Vehicle tracking is a technique for re-identifying the detected objects and associating them to the best-matched peers through consecutive frames. Pixel, shape, color, and bounding box (Bbox) information are widely used to trace the detected objects and to extract the object trajectories. Although pixel, shape, and color-based tracking methods are considered robust to track objects through successive frames, these methods are not sufficient for real-time video analysis applications since they are very slow. However, the methods including Kalman or Particle Filter tracking algorithms, which use bounding box info, are slightly faster than pixel, shape, or color-based approaches because they only process the coordinate information of the detected objects.
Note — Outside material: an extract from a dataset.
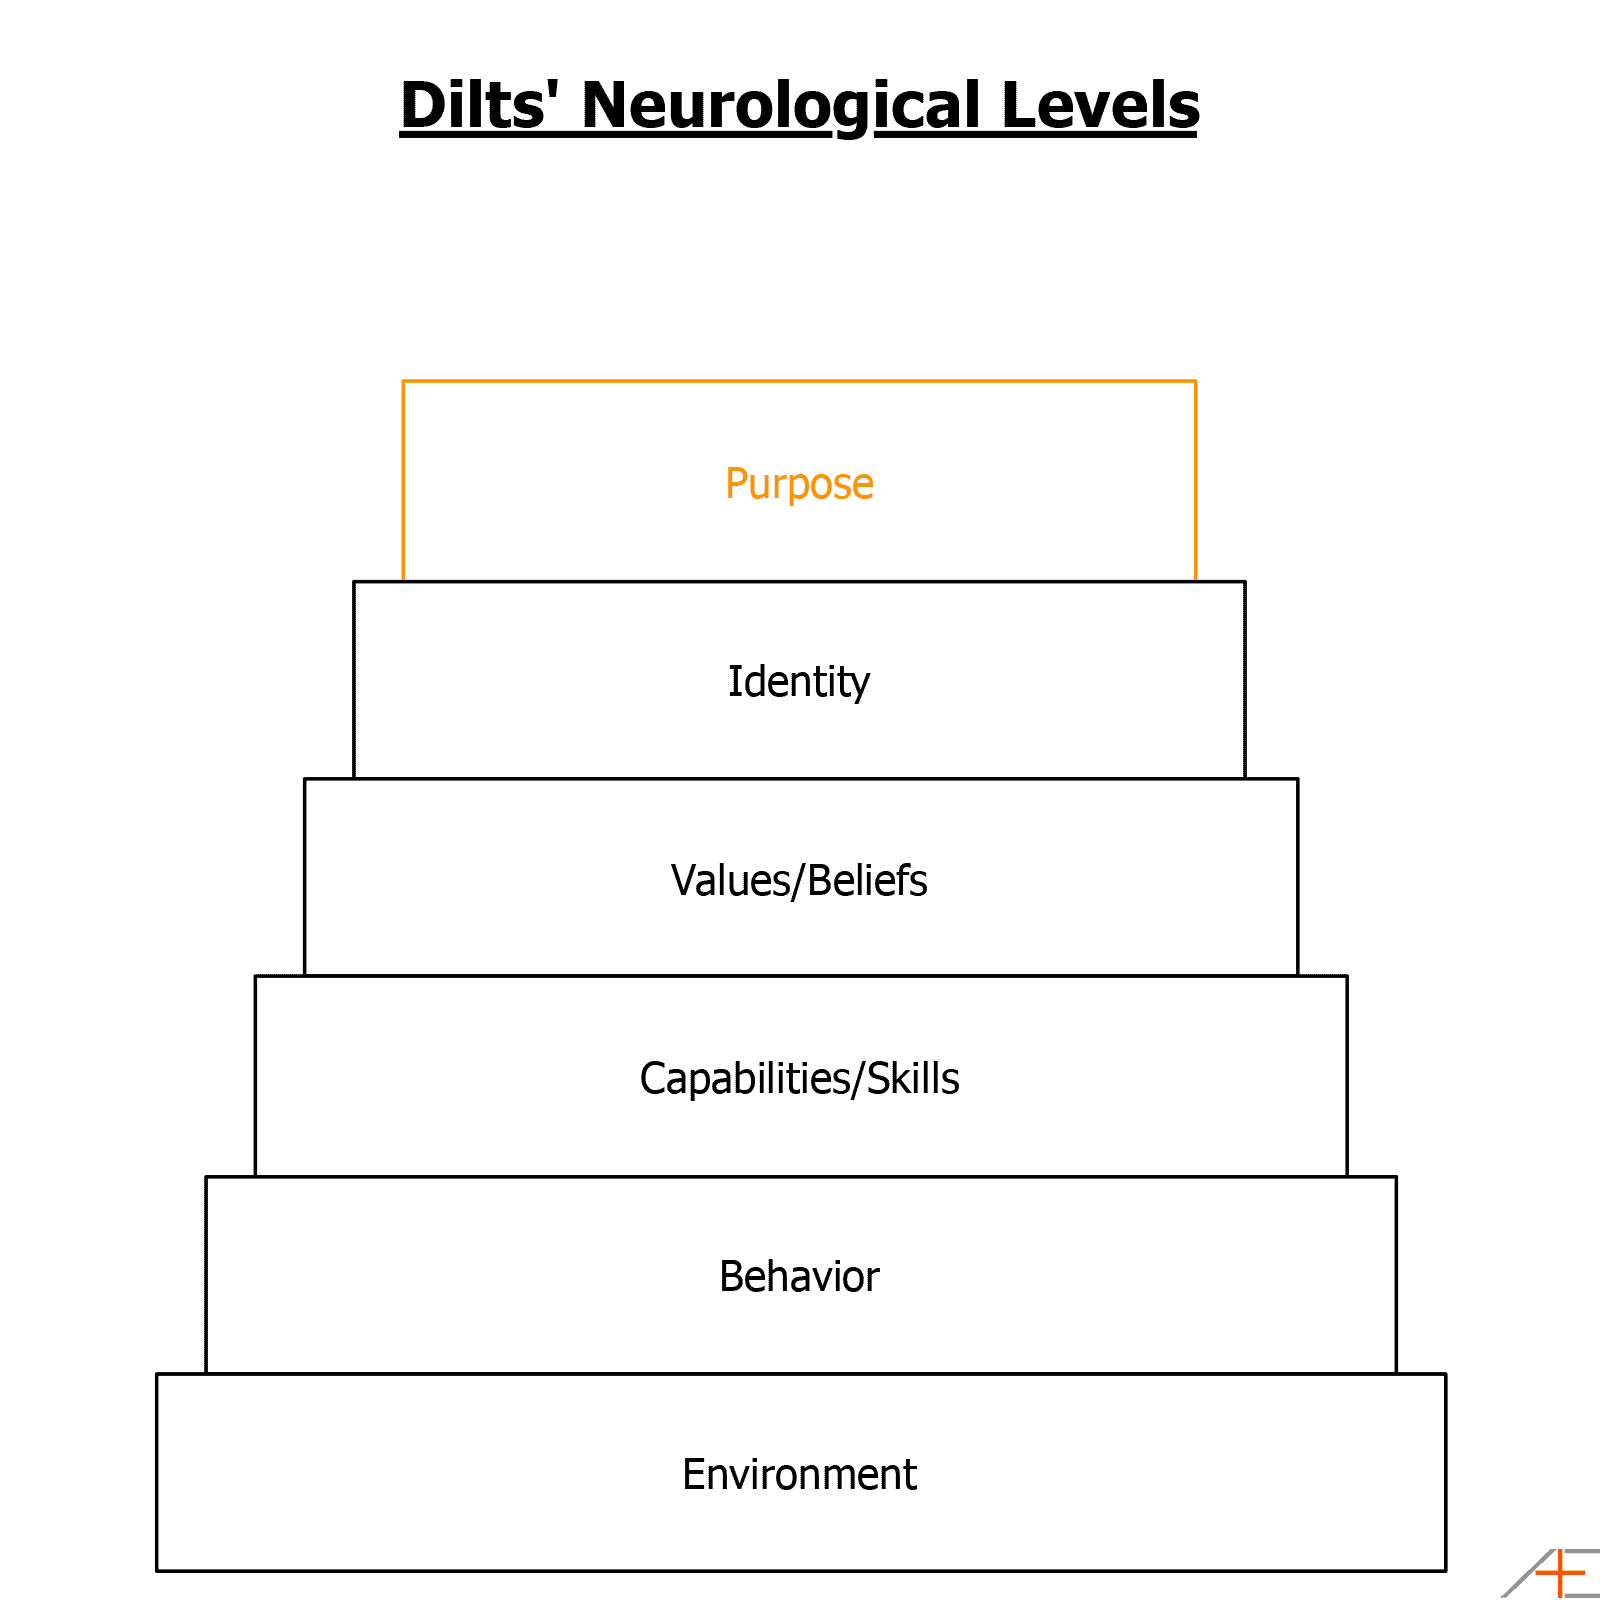 dilts-neurological-levels

But, these methods also become short when the number of objects on a certain frame increases [7]. For instance, the Kalman and Particle Filter tracking algorithms struggle on highways where objects move very fast and the number of objects is more than 30 on a frame. Furthermore, vehicle detection and tracking have been challenging tasks of classical computer vision and image processing research because of the issues such as partial or full occlusion of objects, illusion, camera shaking, extremely high or low-quality picture, distinct weather conditions including rain, snow and wind that complicate the vehicle detection, tracking, and data association processes, and in some cases, these problems make such systems completely fail [8]. Due to these reasons, a robust and real-time tracking algorithm is paramount for the effective and efficient video analysis tools.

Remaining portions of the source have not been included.